Back
This page is a translation. The Chinese version is the official legal text. In case of conflict, the Chinese version prevails.

Privacy Policy

Effective: 2026-04-30

TalkUp is a multilingual phrase helper you can use in 5 seconds before stepping out the door. This policy explains what we collect, why, how long we keep it, who can see it, and how you can delete it.

1. What we collect

  • Account: email (for login links), and optional name / avatar URL returned by third-party sign-in.
  • Preferences: native language, followed destinations, timezone, dark mode / ghost-mode settings.
  • Usage events: which phrase you opened, whether you marked ✓ understood / ✗ didn’t understand / favorited. These events drive phrase ranking and the failure-loop. Events include a de-identified grid cell ID (~100 m precision), not raw coordinates.
  • Location: the latitude / longitude reported by your browser when you open the app, snapped server-side to a ~100 m grid cell ID and discarded. Raw coordinates never enter the database or logs.
  • Error monitoring: when the app throws in the browser or on the server, we send the stack trace and minimal request context to Sentry.
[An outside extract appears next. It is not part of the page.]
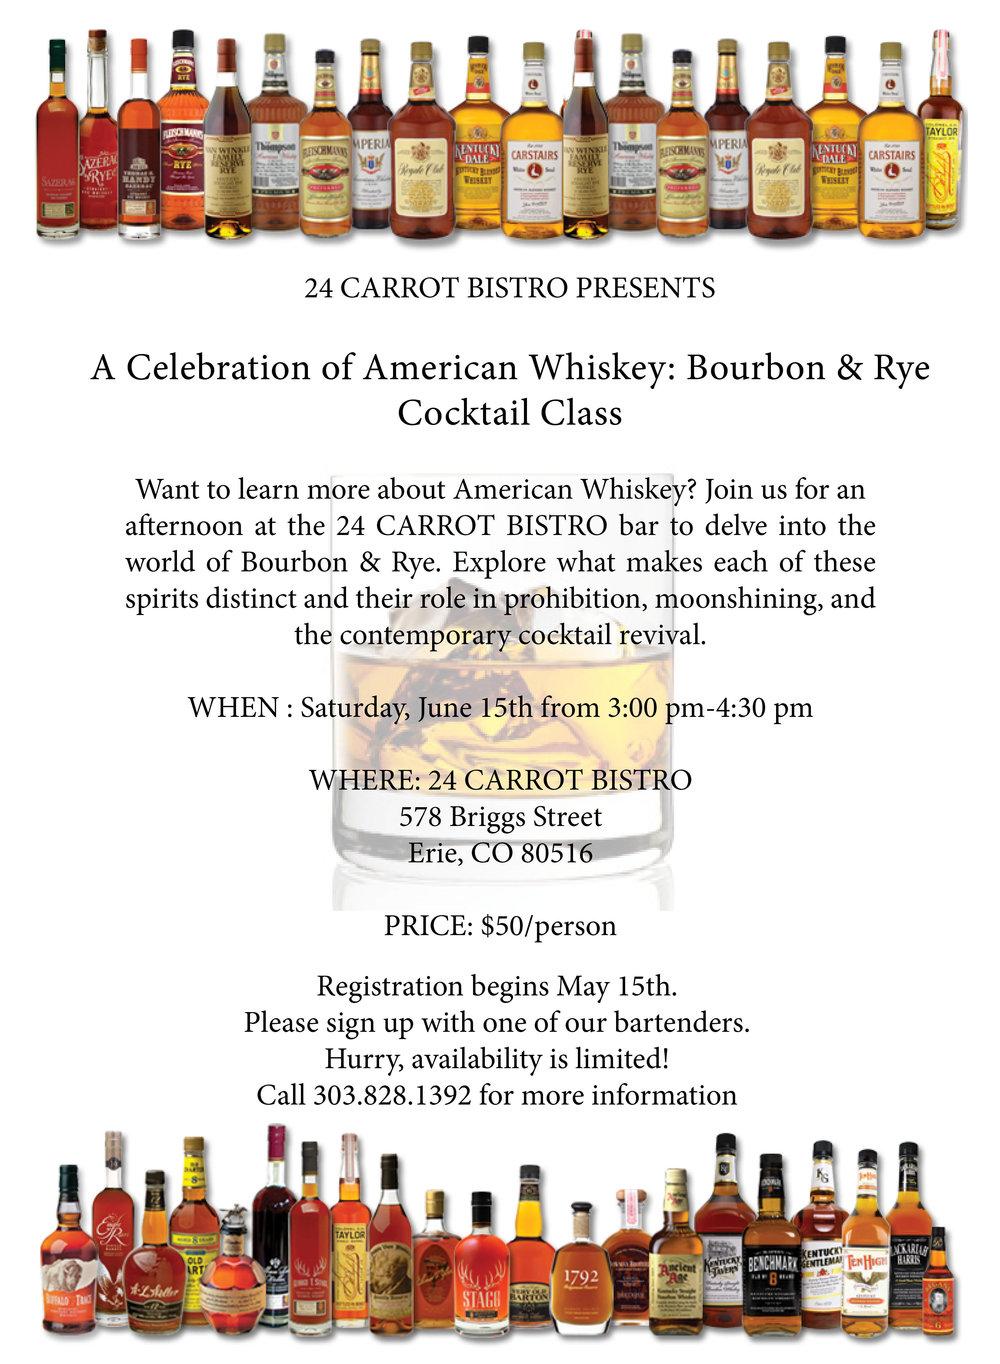 Cocktail Class Whiskey 2019 web.jpg
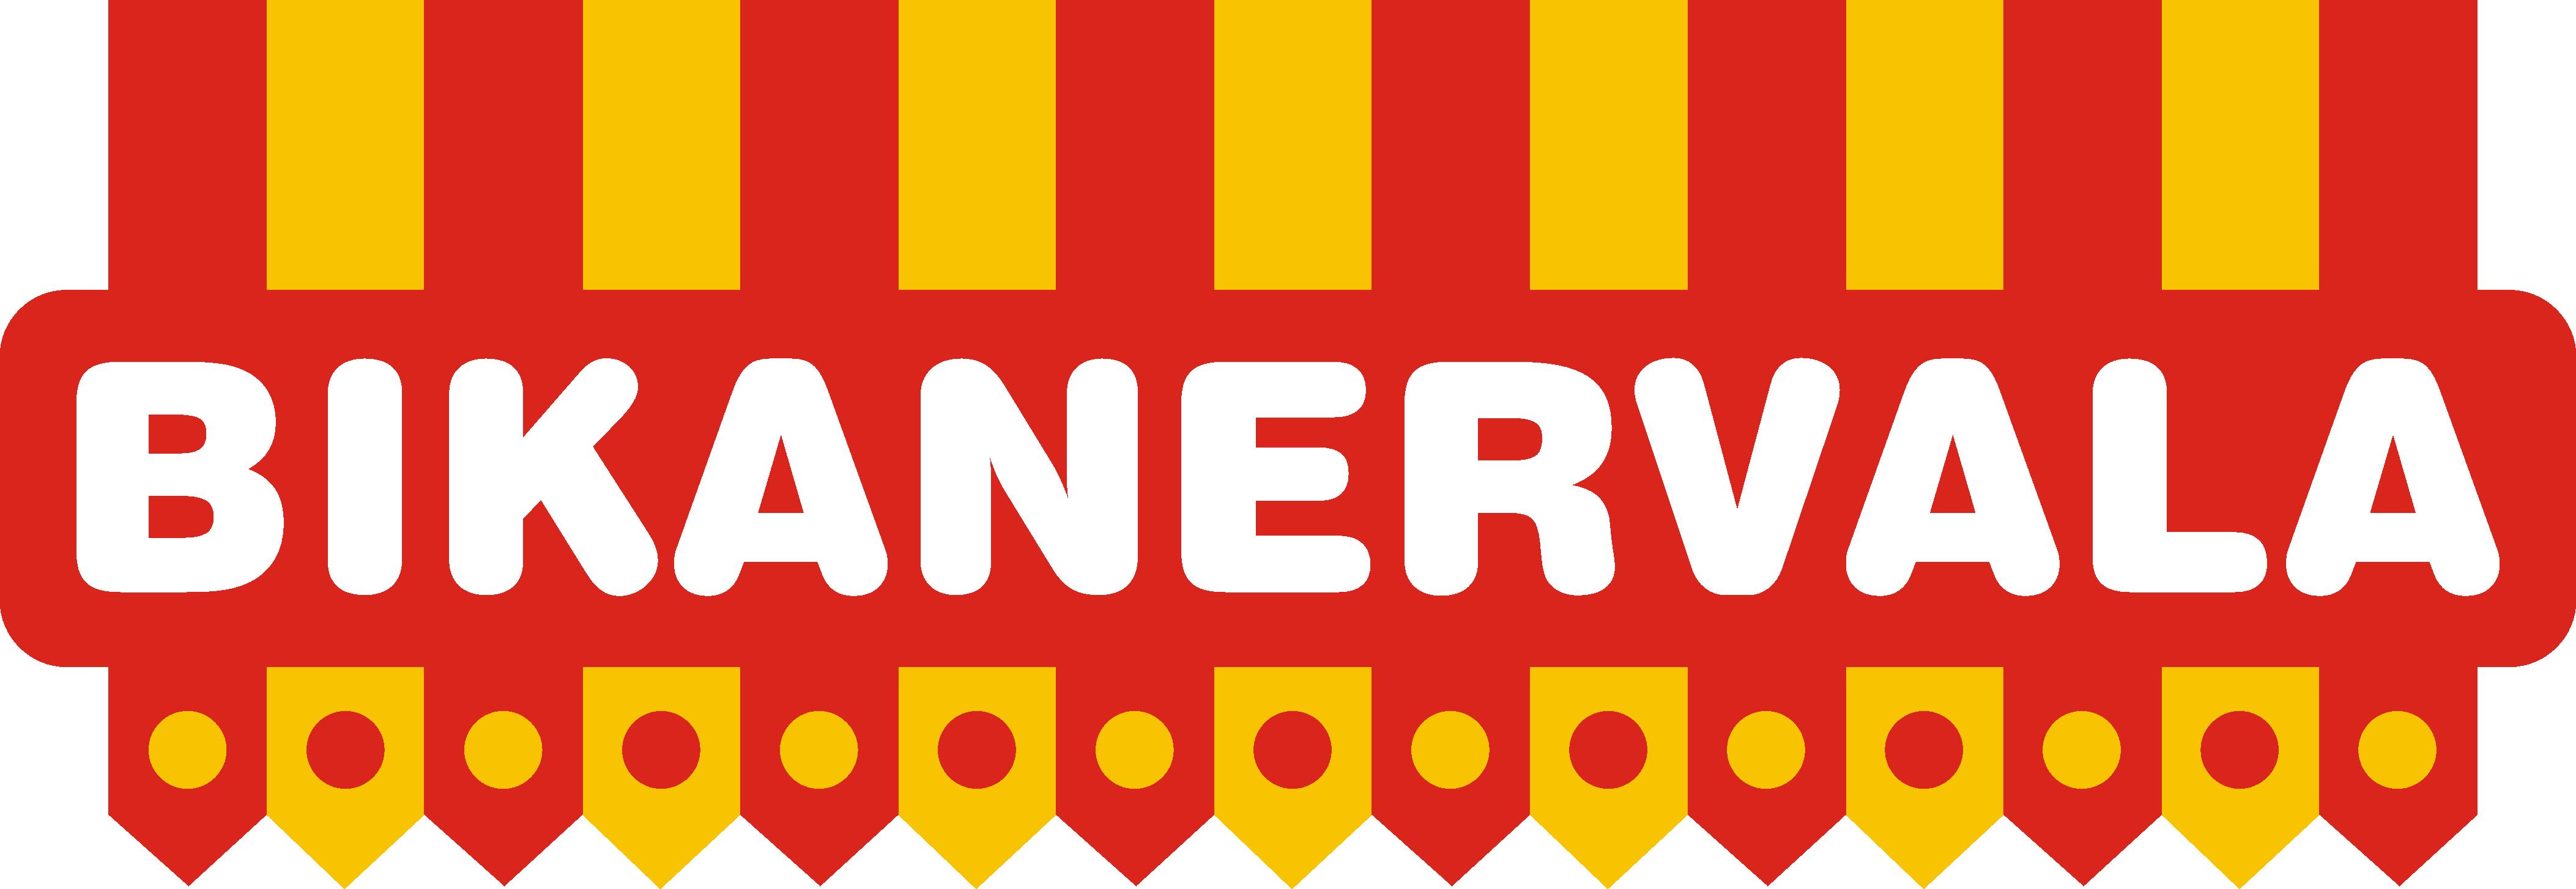 Bikanervalaのロゴ

Coordinate fields are stripped before they reach Sentry.

2. What we don’t collect

  • Raw GPS coordinates (replaced immediately by the 100 m grid)
  • Device identifiers / advertising IDs
  • Microphone audio, camera images, photo library
  • Contacts, cross-site browsing history

3. How we use it

  • Sign-in and account management
  • Rank phrases by your native language, destination, and current grid cell
  • Aggregate nearby venues regionally — only when at least 5 distinct users have been active in that cell (the privacy threshold is enforced in a database view)
  • Debug production errors

4. Data sharing / processors

We don’t sell your data. We use the following processors to run the service:

  • Supabase (database and auth)
  • Anthropic (Claude API; for AI-generated phrases)
  • Google (Maps JavaScript API; only loaded when you open /explore)
  • Cloudflare (CDN and DDoS protection)
  • Sentry (error monitoring; enabled when configured)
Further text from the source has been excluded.